Where is my patent Enforceable?
In a global economy patents and territorial rights are frequently discussed together. Generally, a United States patent is enforceable only in the United States. This post explores whether a U.S. inventor or patent holder can enforce patent rights in other countries. Specifically, this post discusses the following topics?
- the mechanism of obtaining patents in other countries
- whether acts outside the United States are covered by U.S. Patents
Obtaining Foreign Patents
When inventive ideas are in the process of being protected by a patent or patent portfolio, inventors usually think about filing one or more U.S. patent applications. When these applications issue as U.S. patents, the inventors or the patent owner have rights afforded by the U.S. patent system
In the beginning of this patenting process, the Patent Cooperation Treaty (PCT)—a treaty between various countries—allows inventors to file an international application (sometimes called a PCT application) to initiate a process of obtaining patents in each country of their choice. Before it can happen, however, the inventor chooses in which countries (called national stages) he wishes to get patent protection.

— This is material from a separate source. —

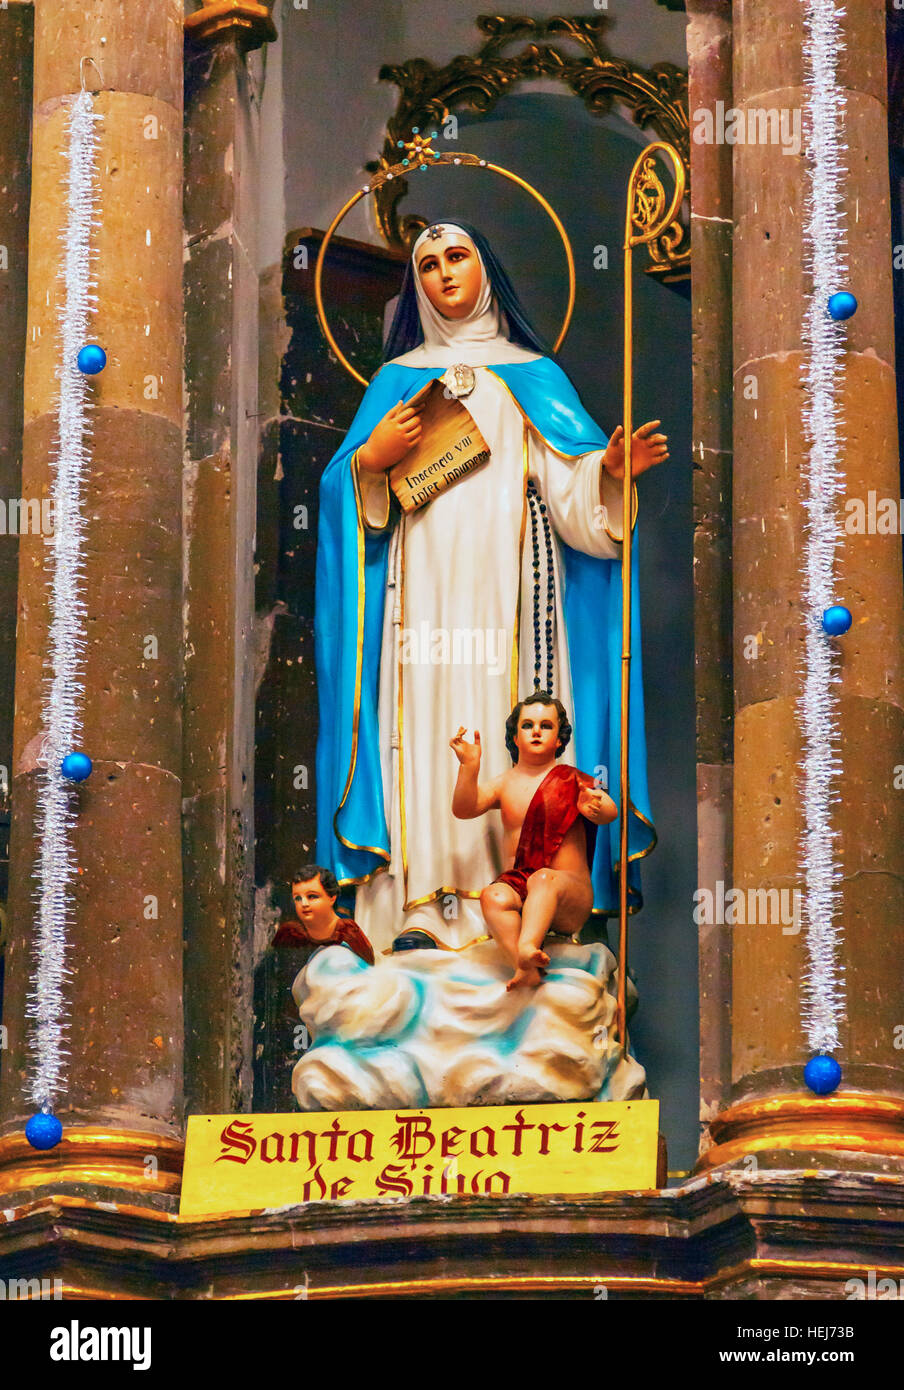 Saint Beatrice statua fondatore ordine Convento Immacolata Concezione le Monache di San Miguel De Allende, Messico. Foto Stock

Frequently, by the time the decision has to be made, the U.S. patent application has gone through some examination and the U.S. patent examiner rendered some opinions regarding patentability. Also, after filing their PCT application, the inventors will be provided with an international patentability search report. This report gives the inventors a list of prior art references to give the inventors some idea of how novel their invention may be. Armed with this understanding, the inventor or owner makes the decision to select specific countries to enter from their international application (these are called “national stage” or “counterpart” applications). Frequently these decisions are made based on the potential market for the product, the cost of patent filings, how strongly a country protects patents, and other legal and business considerations. Once the counterpart applications are filed in those countries, the patents will be examined in accordance with local laws and the inventor/owner is issued a patent in that country, for example Canada. In this situation, the inventor has a U.S. patent and a Canadian patent, thus expanding the territorial scope of protection for her invention.
Territorial Limits of the U.S. Patent Reach
Now consider a situation where only the U.S. Patent is available. Under U.S. patent law, only certain acts qualify as patent infringement. Infringing acts are defined as using, making, selling, offering for sale in the United States and importing into the United States the patented invention. With globalization and manufacturing of products frequently occurring outside the United States, does the U.S. patent owner have any rights against a foreign company that through a chain of subsidiaries bring products into the United States?
The answer is “maybe.” This inquiry is fact-specific, but in general if the activity occurring in another country is directed toward the United States, it may qualify as an act of patent infringement in the United States, and therefore would infringe a U.S. patent.
Whether you have foreign counterpart patents or only U.S. patents, an experienced patent broker should be able to help you derive the maximum value from your patent portfolio.